--- How to complete this task ---
Pull out of the data below the stretch of lines bounded by the one containing "18K Yellow Gold" and the one containing "Comes with David Yurman Ring Box", both bounds included, unchanged.

--- Information given ---
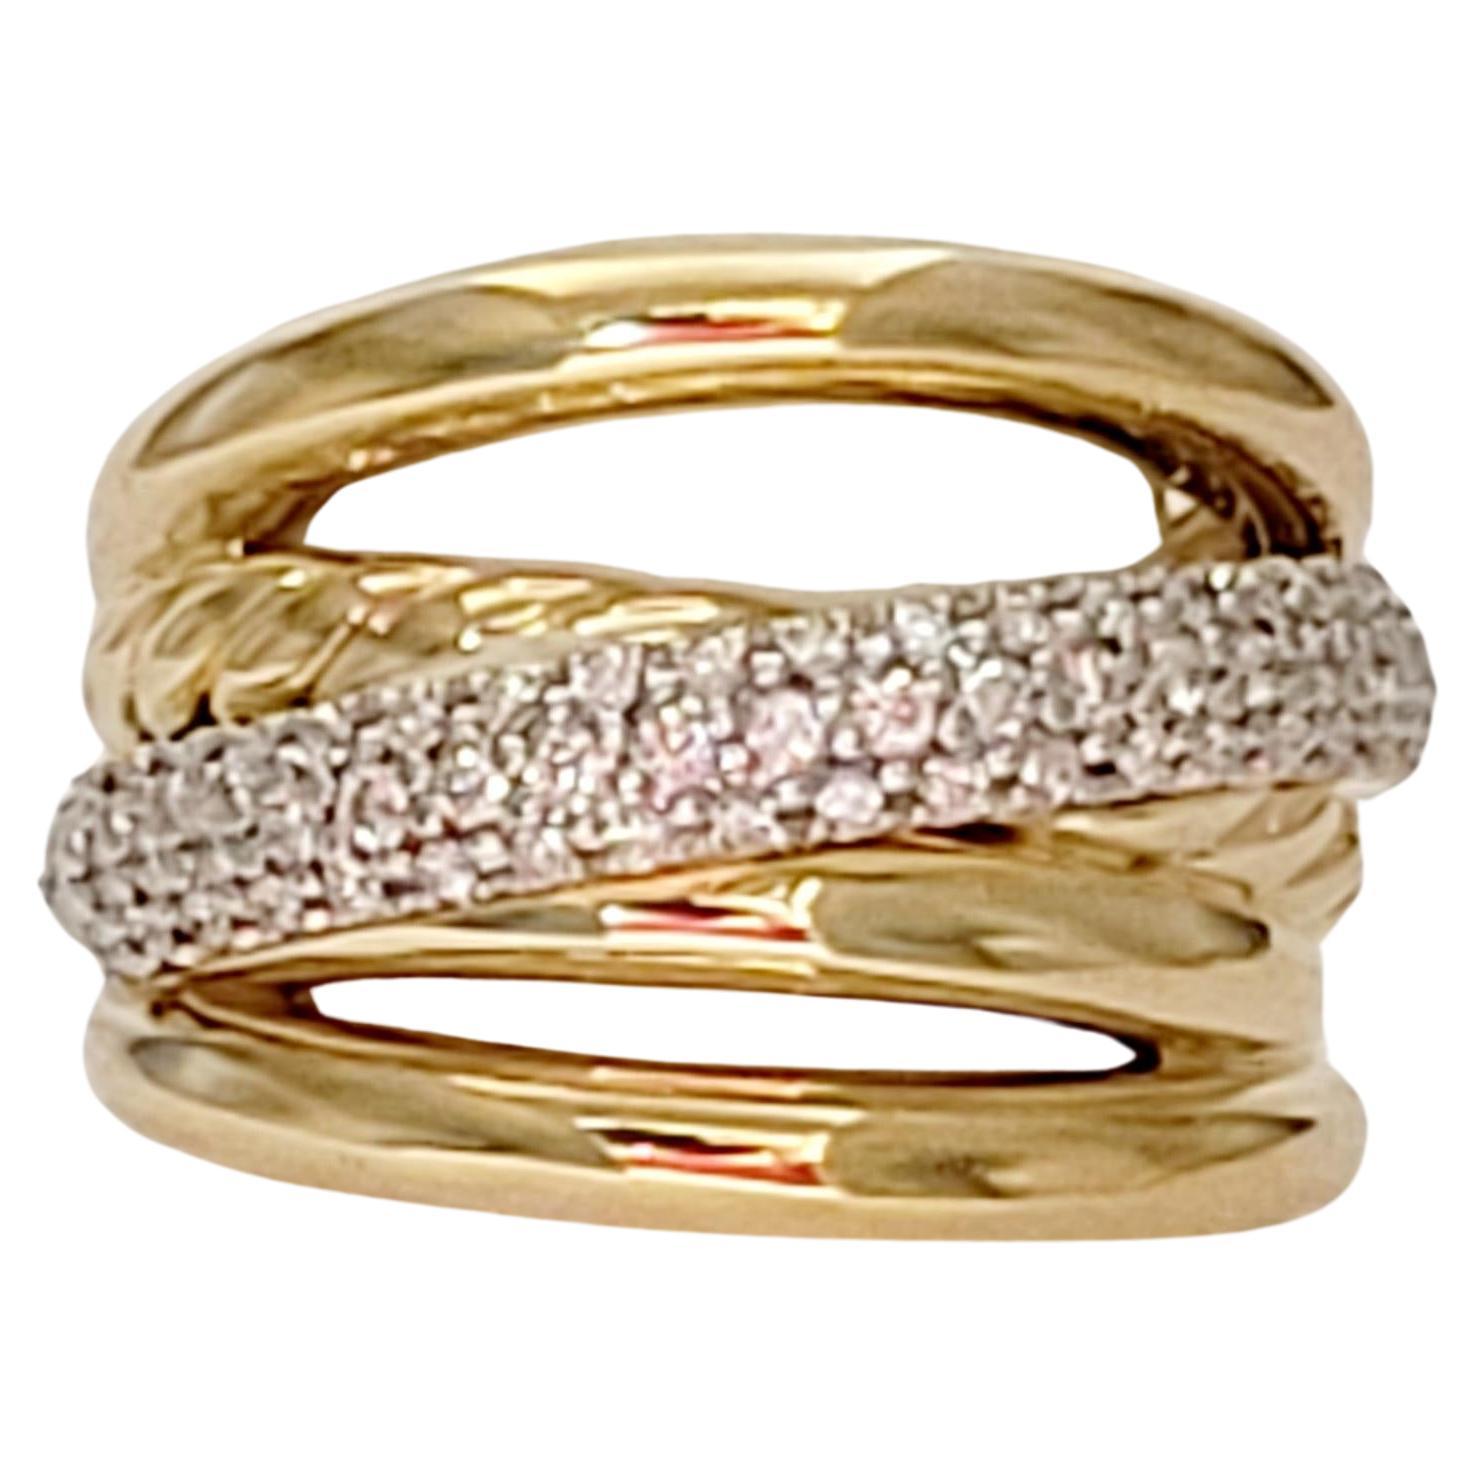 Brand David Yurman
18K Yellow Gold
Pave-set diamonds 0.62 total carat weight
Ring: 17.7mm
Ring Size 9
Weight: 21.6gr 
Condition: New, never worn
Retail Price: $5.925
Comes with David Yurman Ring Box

---

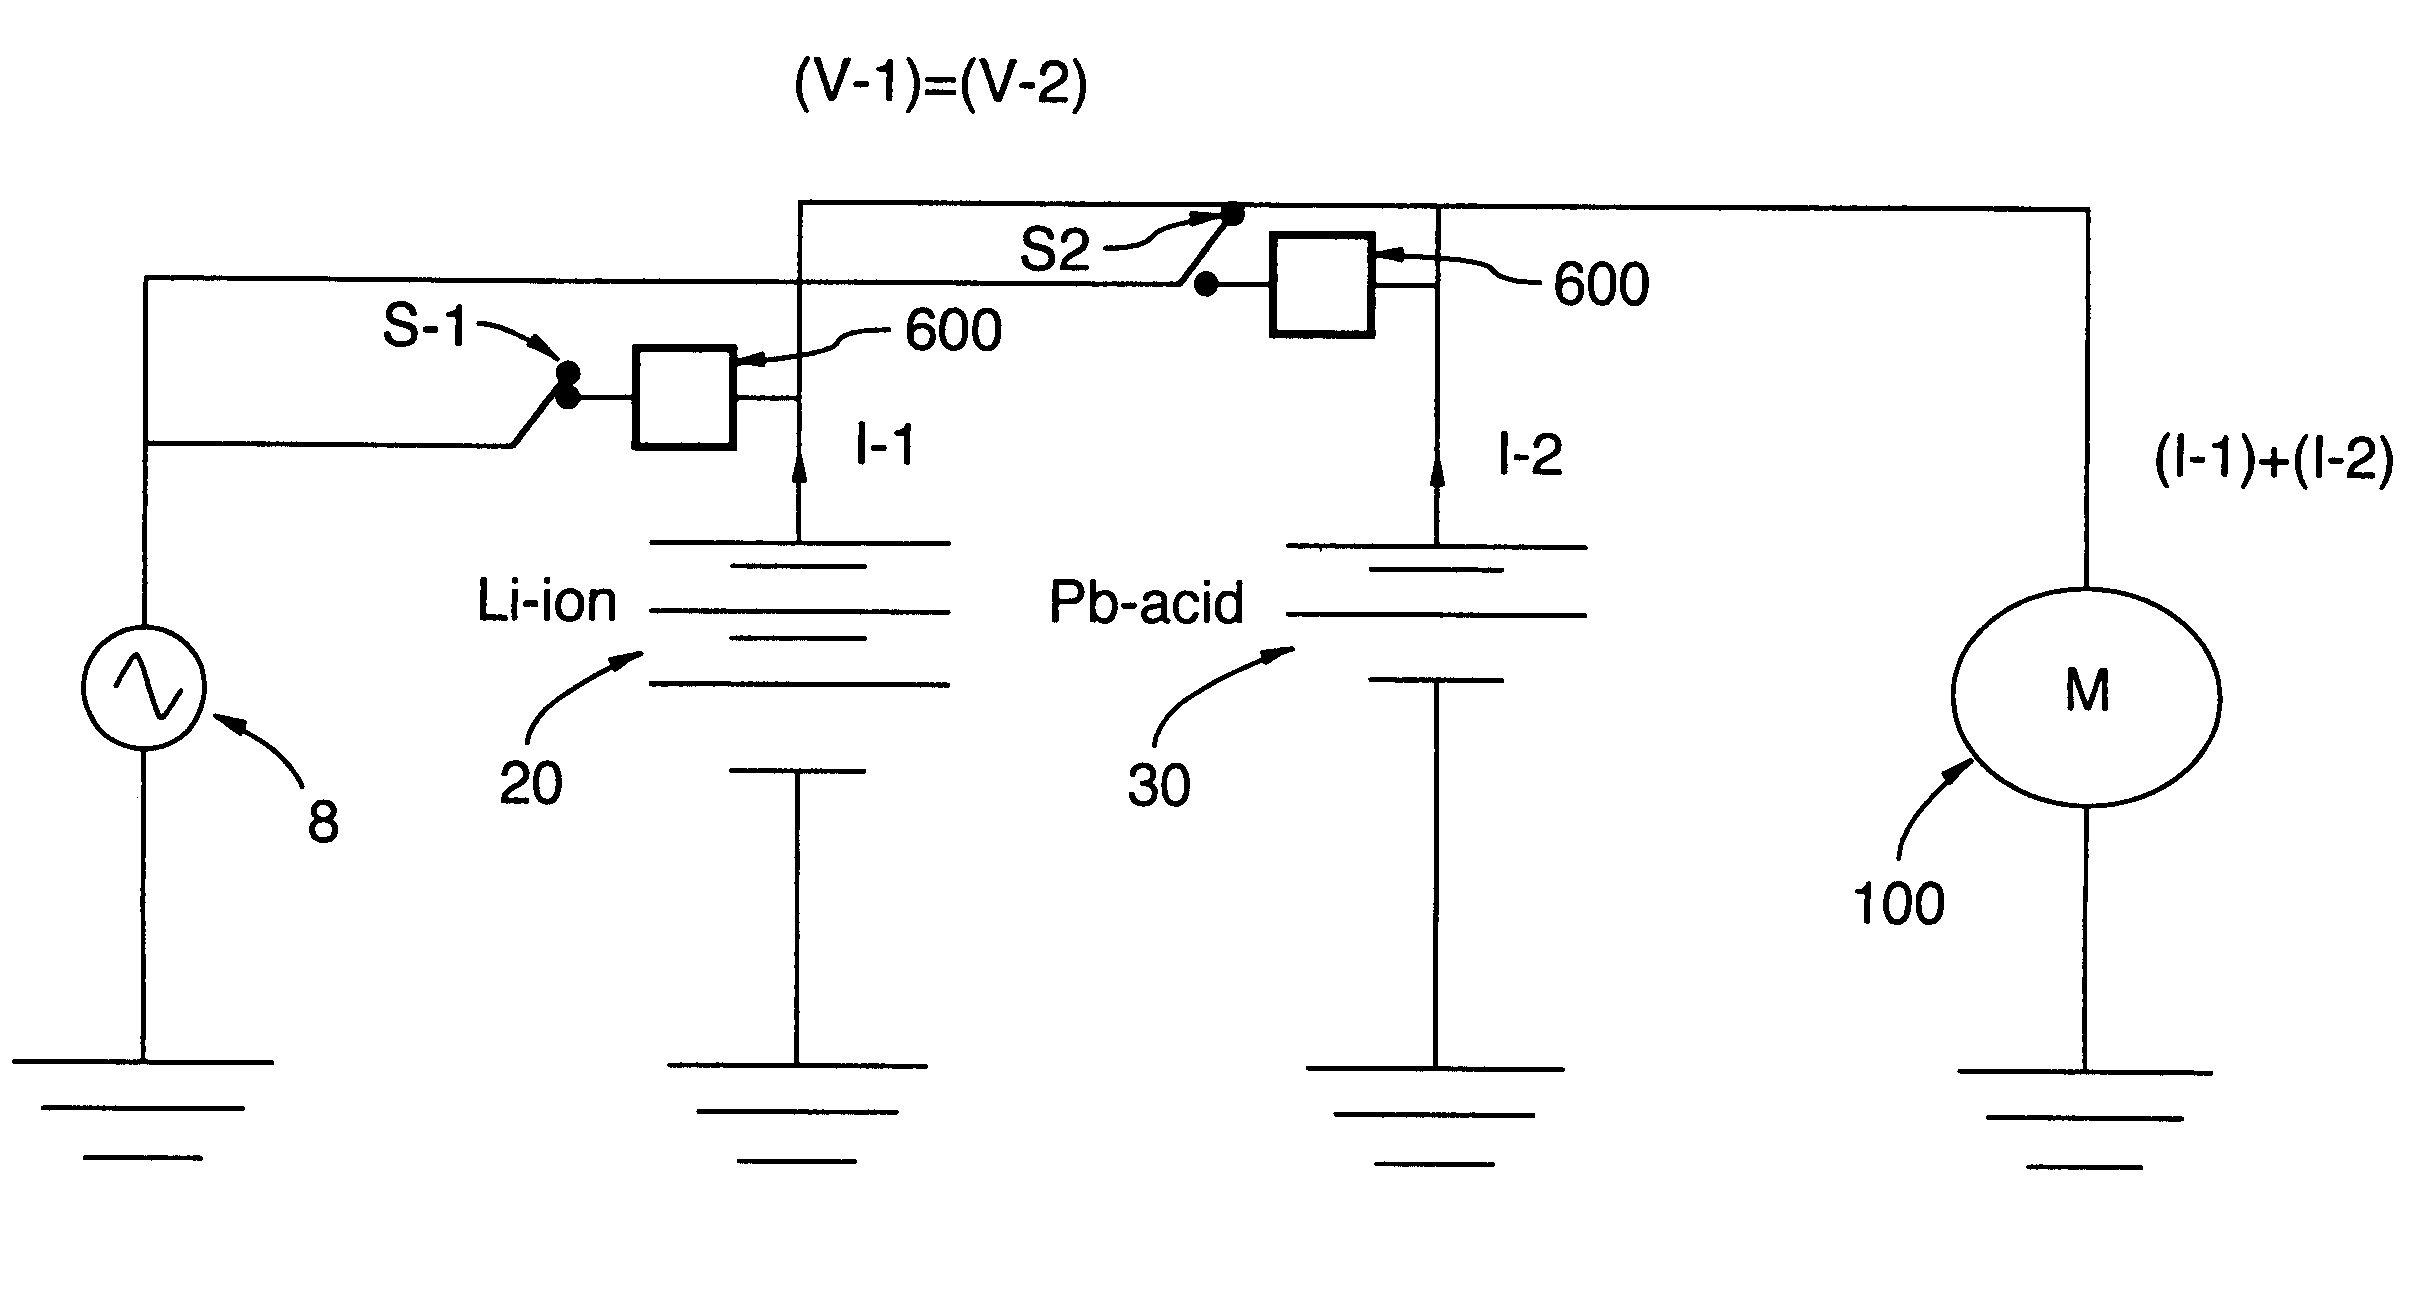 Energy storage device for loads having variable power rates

...

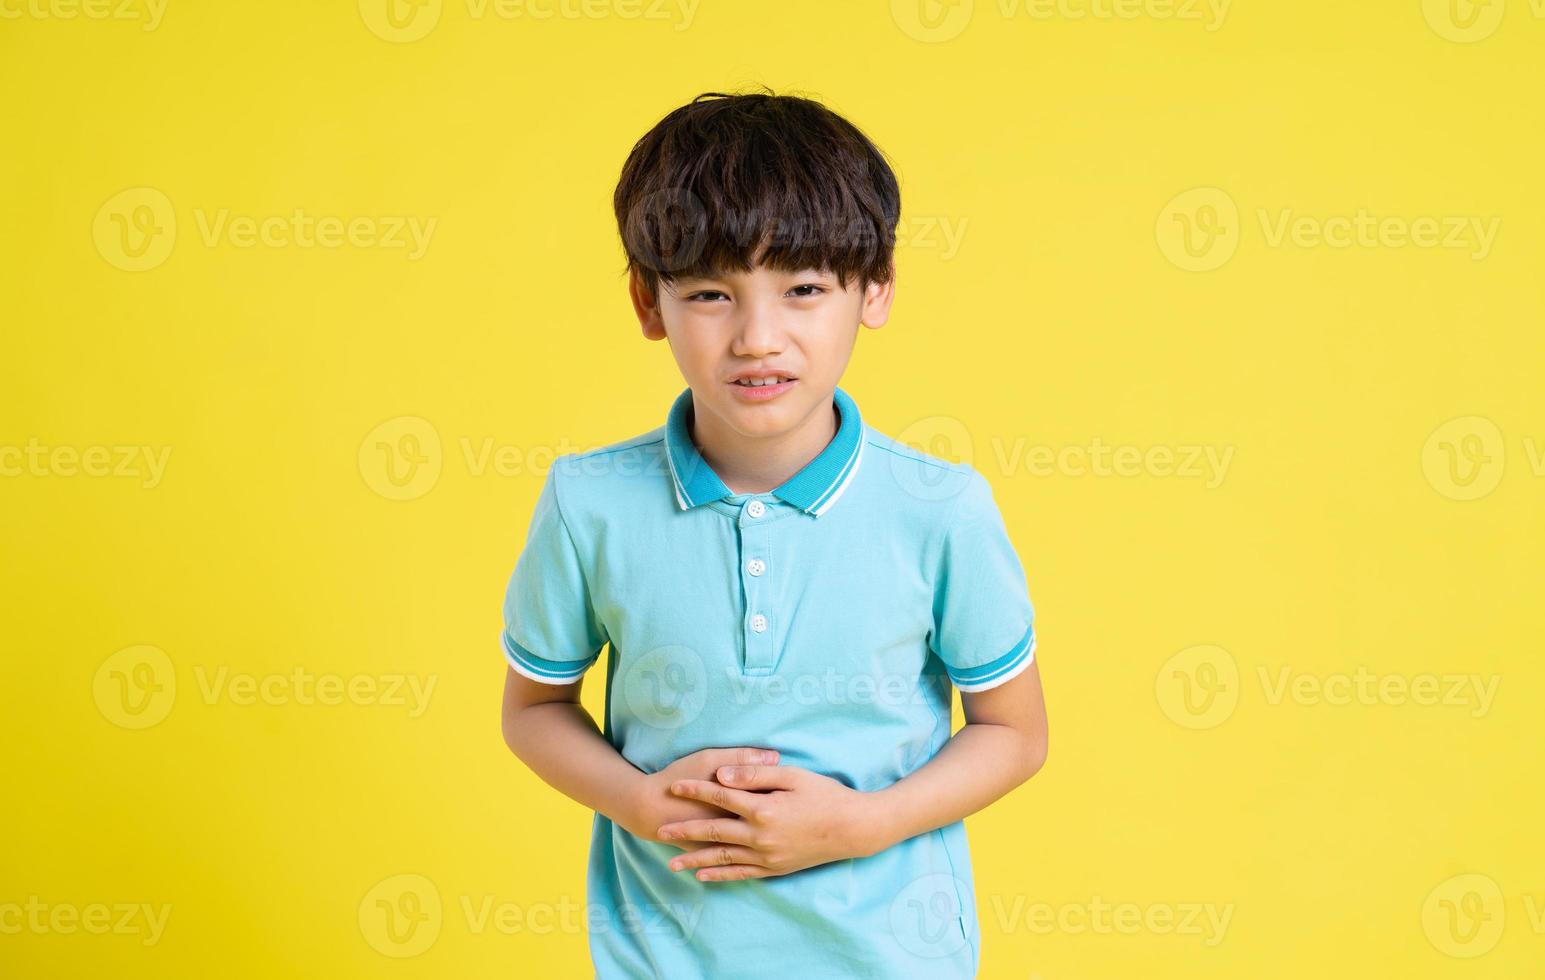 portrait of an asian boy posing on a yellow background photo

--- Completed task ---
18K Yellow Gold
Pave-set diamonds 0.62 total carat weight
Ring: 17.7mm
Ring Size 9
Weight: 21.6gr 
Condition: New, never worn
Retail Price: $5.925
Comes with David Yurman Ring Box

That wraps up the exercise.